From Table 1, it is understood that the model of FIG. 3 (c), that is, the model of the present invention has the most durability. Embodiment 2 As shown in FIG. 4, a plurality of curved portions 19 and stoppers 20 in Embodiment 1 are provided. The stress generated in the curved portion 19 and the membrane 15 is smaller than that in the first embodiment. Third Embodiment The sectional shape of the curved portion 19 in the first embodiment is not limited to a semicircle, and a square as shown in FIG. 5 or another shape can be selected. Example 4 As shown in FIG. 6, the membrane 15 has a three-layer bellows structure. With such a structure, the membrane 15
Since the allowable deformation amount of
And the stress generated in the membrane 15 is much smaller than that in the first embodiment. Embodiment 5 As shown in FIG. 7, the stopper 20 in Embodiment 1 is provided at the corner portion of the box body where the stress is most concentrated.

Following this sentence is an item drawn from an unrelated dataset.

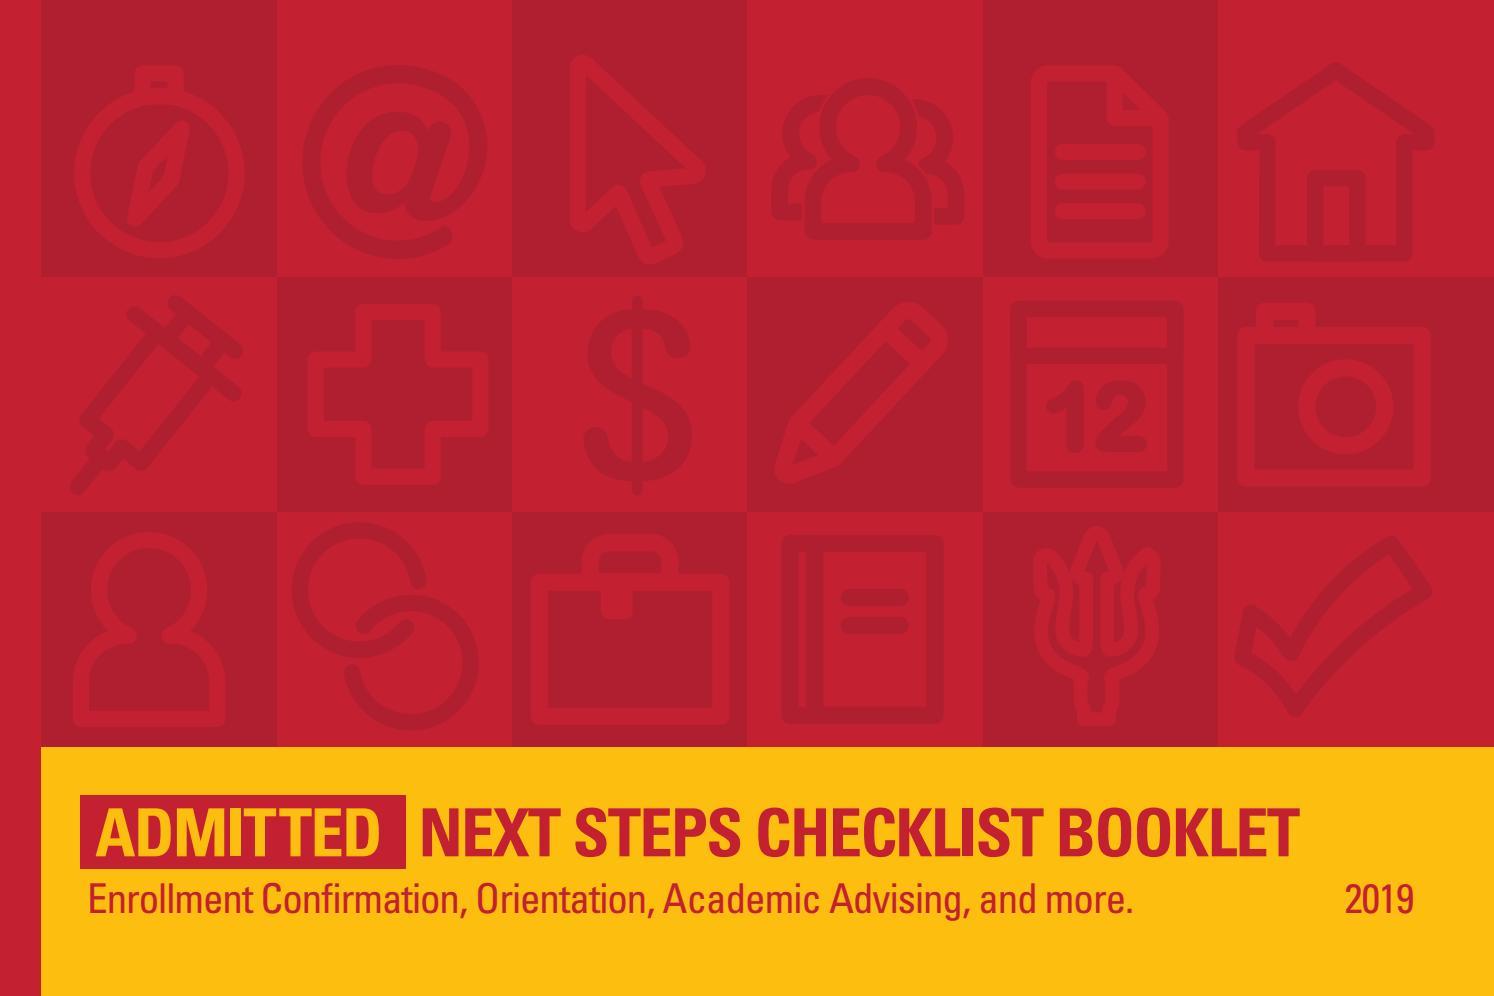 Stlcc Meramec Campus Map.Umsl Admitted Checklist Booklet 2019 By Umsl Campus Life Issuu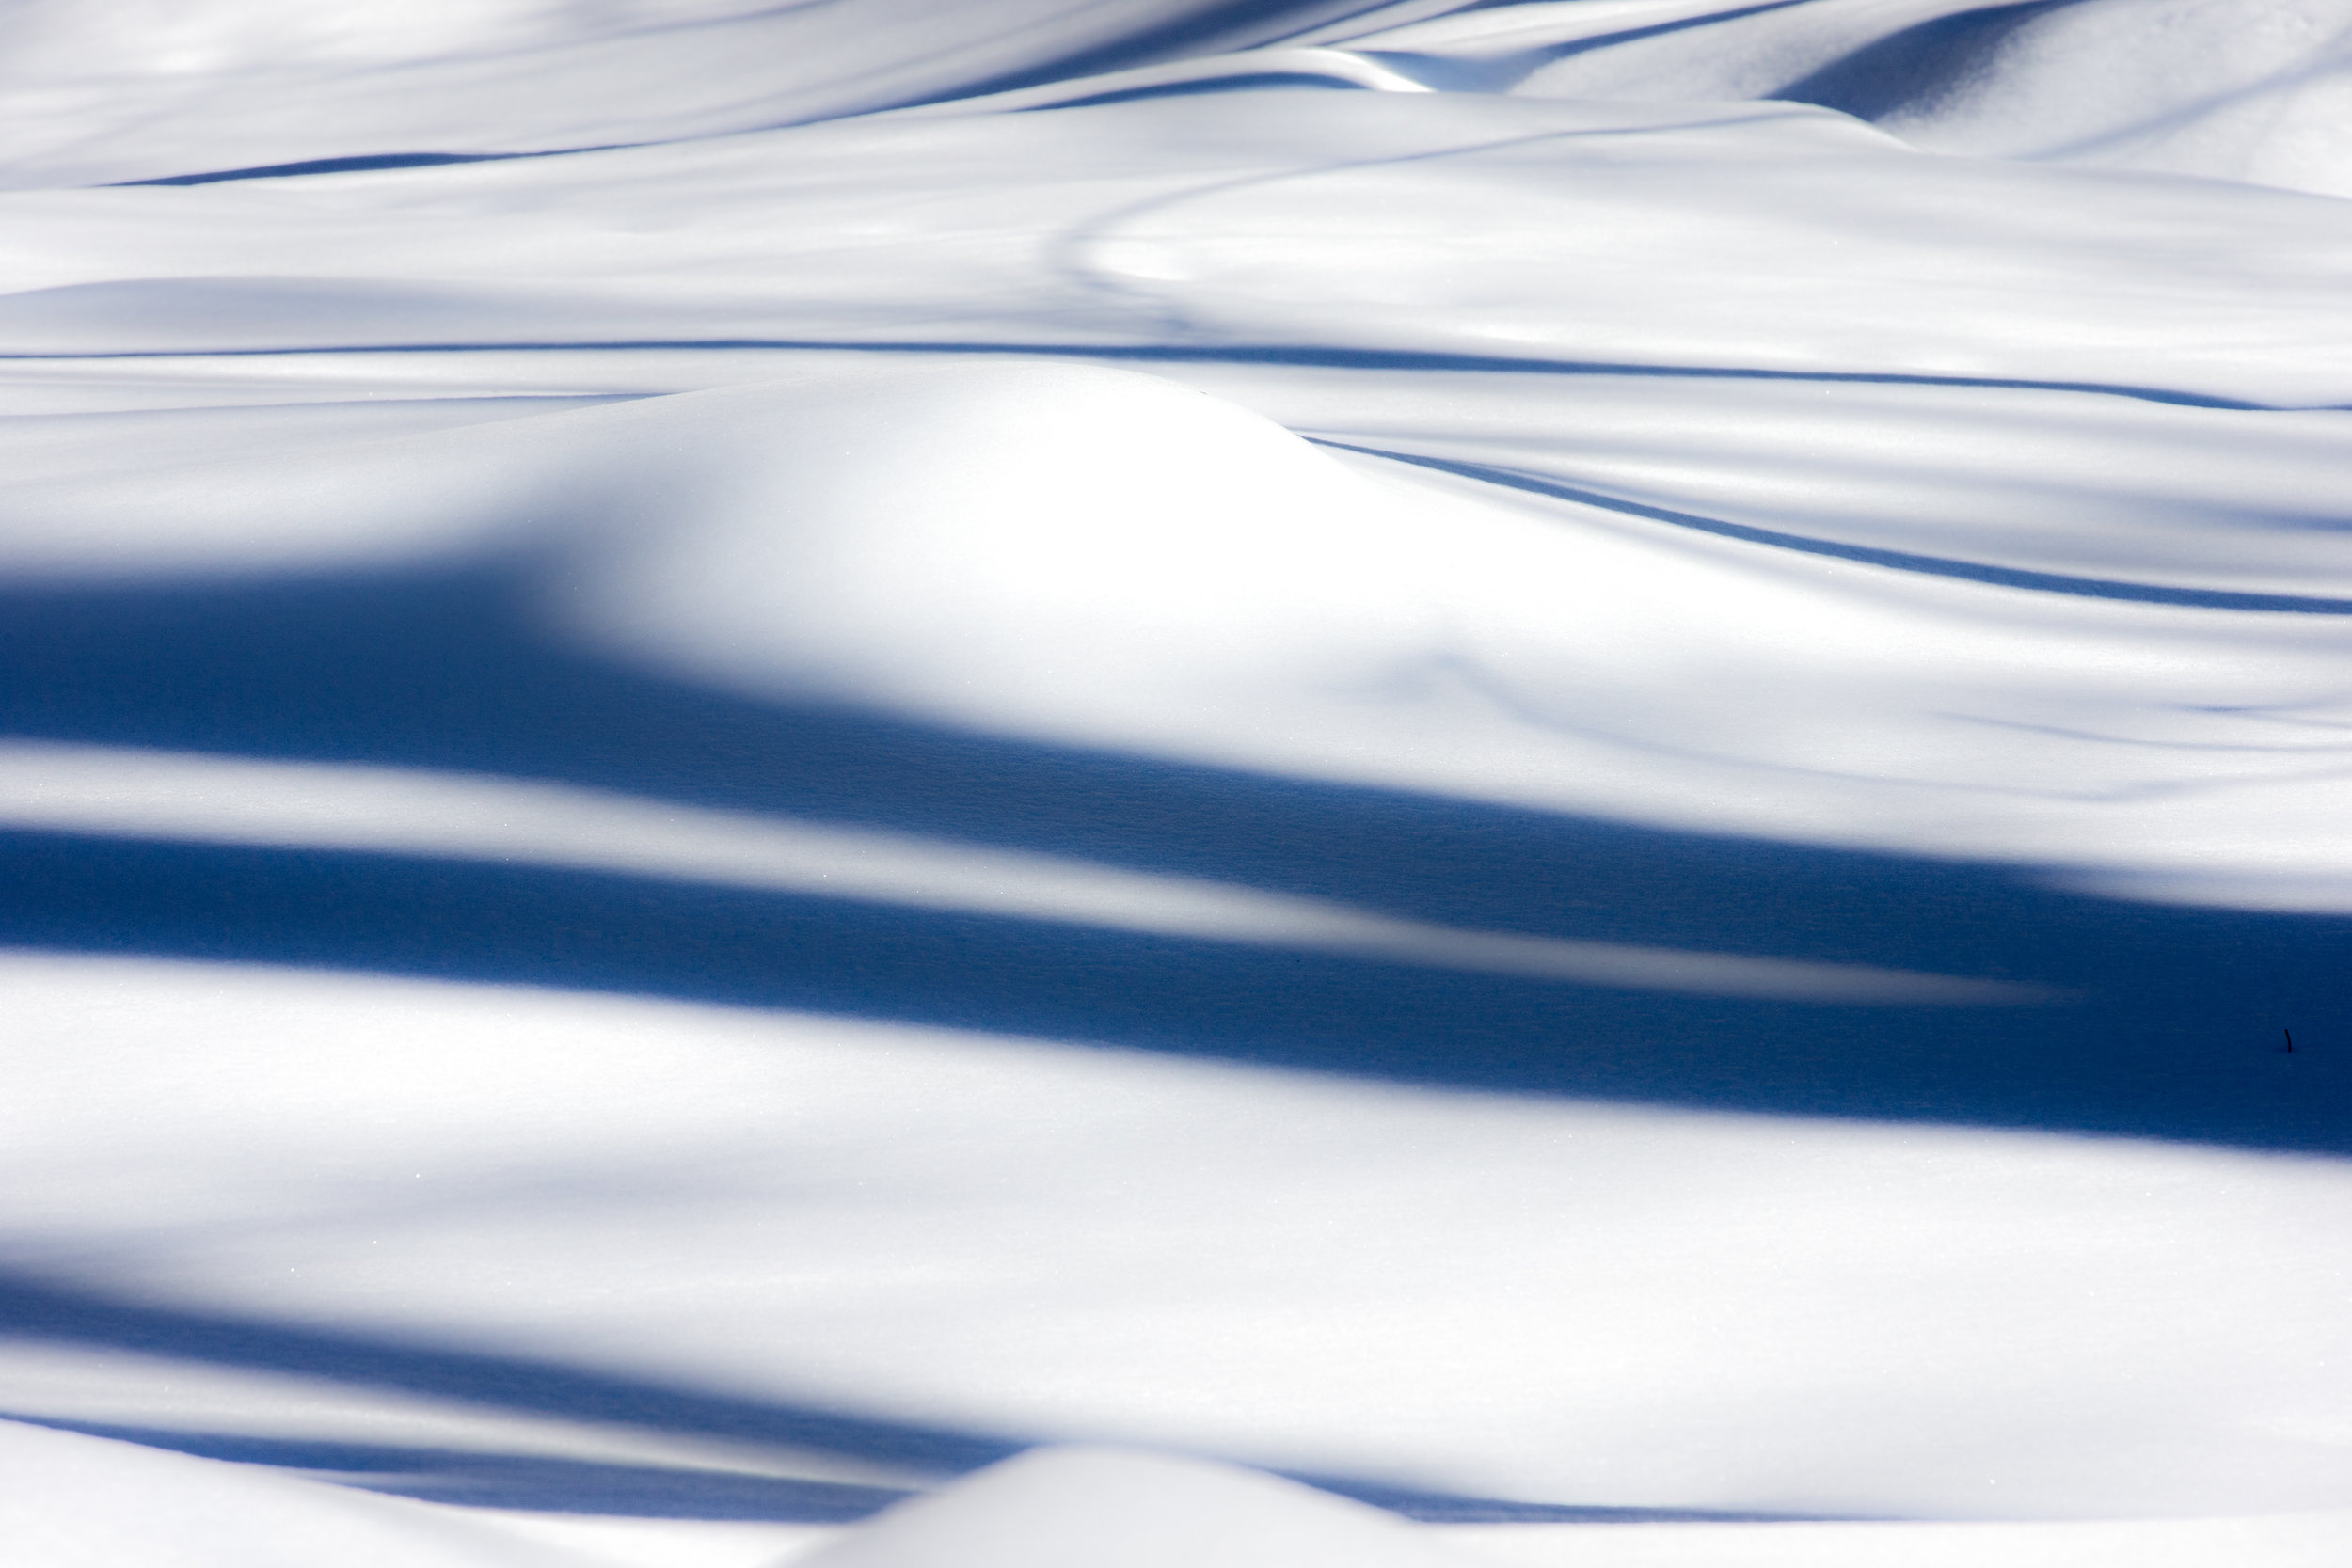 Abstract Silk

With such a configuration, the stopper 20 reduces the heat bridge and improves the heat insulating performance.

[0017]

As described above, according to the present invention, when the inner box is thermally deformed, the curved portion absorbs a part of the deformation and the remaining portion deforms the membrane. Moreover, at that time, the stopper limits the deformation of the bending portion to a certain range, and the deformation of the bending portion and the deformation of the membrane are balanced. Therefore, the stress generated in the curved portion and the membrane can be averaged and reduced, and the durability of the vacuum insulation box body against the thermal stress due to repeated heating and cooling of the inner box can be significantly improved.

[Brief description of drawings]

FIG. 1 is a sectional view of a vacuum heat insulating box body according to a first embodiment of the present invention.

2 is a cross-sectional view of a main part showing an end structure of the vacuum heat insulating box body of FIG.

FIG. 3 is an explanatory diagram of a two-dimensional model when a stress analysis is performed by a finite element method on the end structure of the vacuum heat insulating box.

FIG. 4 is a cross-sectional view of essential parts showing an end structure of a vacuum heat insulating box according to a second embodiment of the present invention.

FIG. 5 is a cross-sectional view of a main part showing an end structure of a vacuum heat insulating box according to a third embodiment of the present invention.

FIG. 6 is a sectional view of a main part showing an end structure of a vacuum heat insulating box according to a fourth embodiment of the present invention.

FIG. 7 is a perspective view of a vacuum heat insulating box body according to a fifth embodiment of the present invention.

FIG. 8 is a cross-sectional view showing an example of a conventional vacuum insulation box body.

9 is a cross-sectional view of a main part showing an end structure of the vacuum heat insulating box body shown in FIG.

FIG. 10 is a cross-sectional view showing another example of the end structure of the conventional vacuum heat insulating box.

[Explanation of symbols]

 11 Inner box 12 Outer box 13 Opening 14 Vacuum insulation layer 15 Membrane 19 Curved part 20 Stopper

Claims (1)

Claim: What is claimed is: 1. A double-walled box body having an opening on one side is formed by an inner box and an outer box, and a vacuum heat insulating layer is formed between the inner box and the outer box. In a vacuum heat-insulating box body in which the opening-side peripheral edges of the inner box and the outer box are connected by a membrane that seals the vacuum heat-insulating layer, the inner box portion near the membrane has a curvature that absorbs thermal deformation of the inner box. An end structure of a vacuum heat-insulating box body, comprising: a portion and a member that limits deformation of the curved portion within a certain range.